== Segment start ==

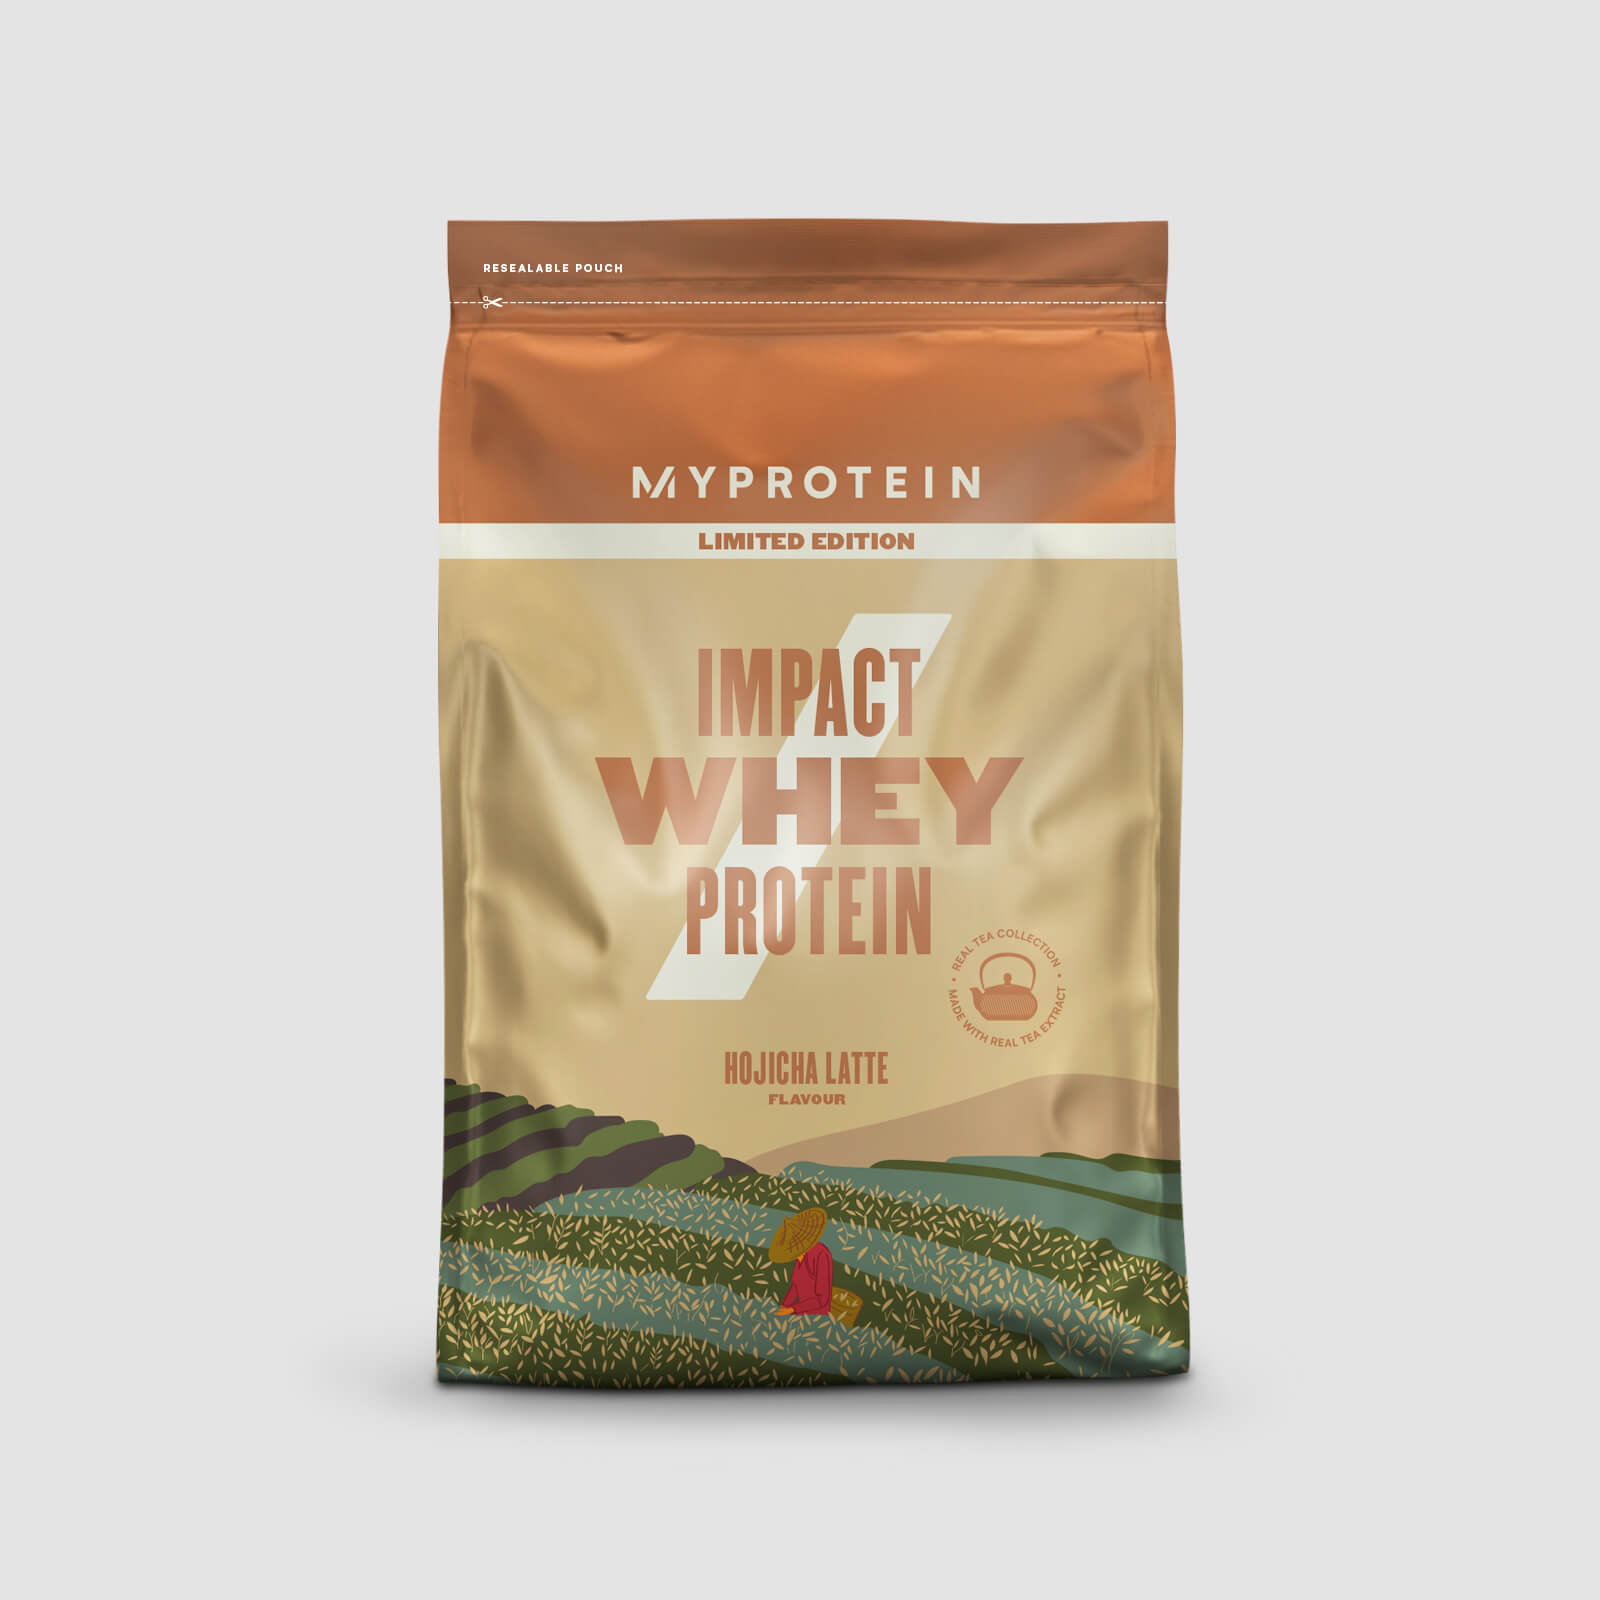 Сывороточный протеин (Impact Whey Protein) - 1kg - Hojicha
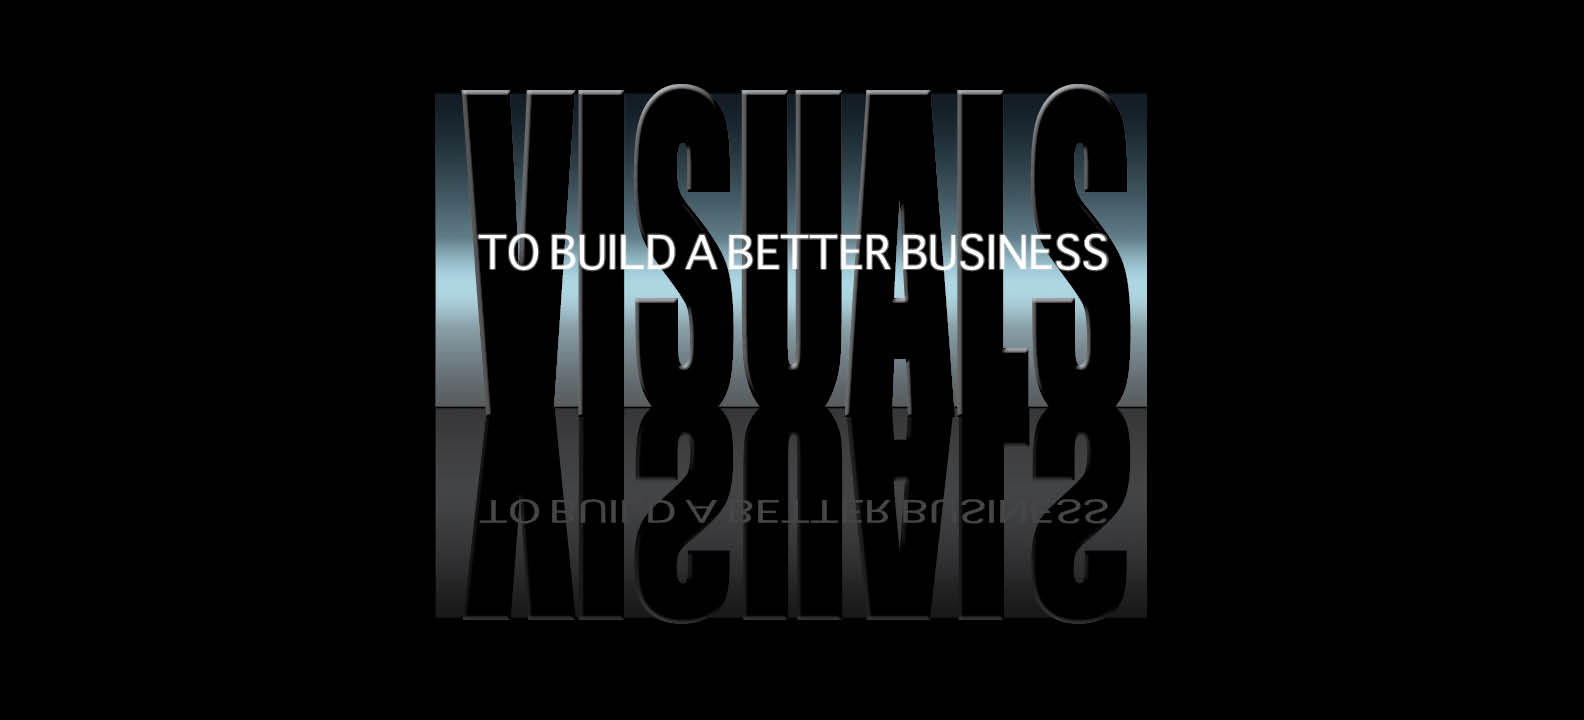 Visuals Build a Better Business
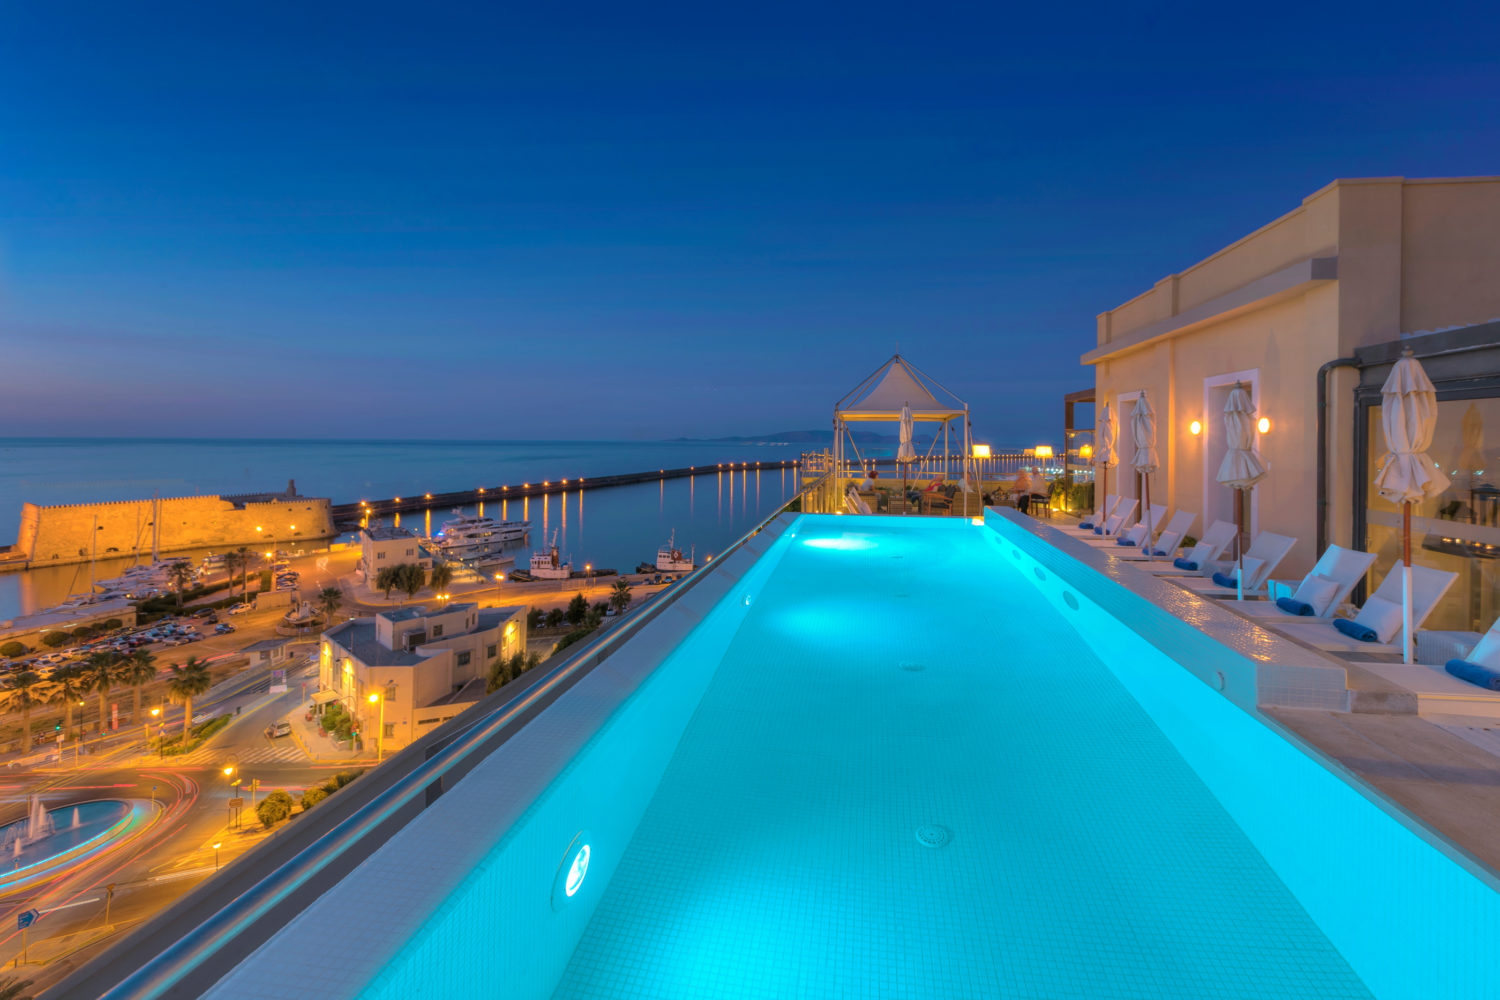 Megaron Hotel Heraklion Crete

== Segment end ==

--- ACTION ITEM ---
Transcribe the listing exactly; skip the pictures.

--- TASK RESPONSE ---
 Сывороточный протеин (Impact Whey Protein) - 1kg - Hojicha
 Visuals Build a Better Business
 Megaron Hotel Heraklion Crete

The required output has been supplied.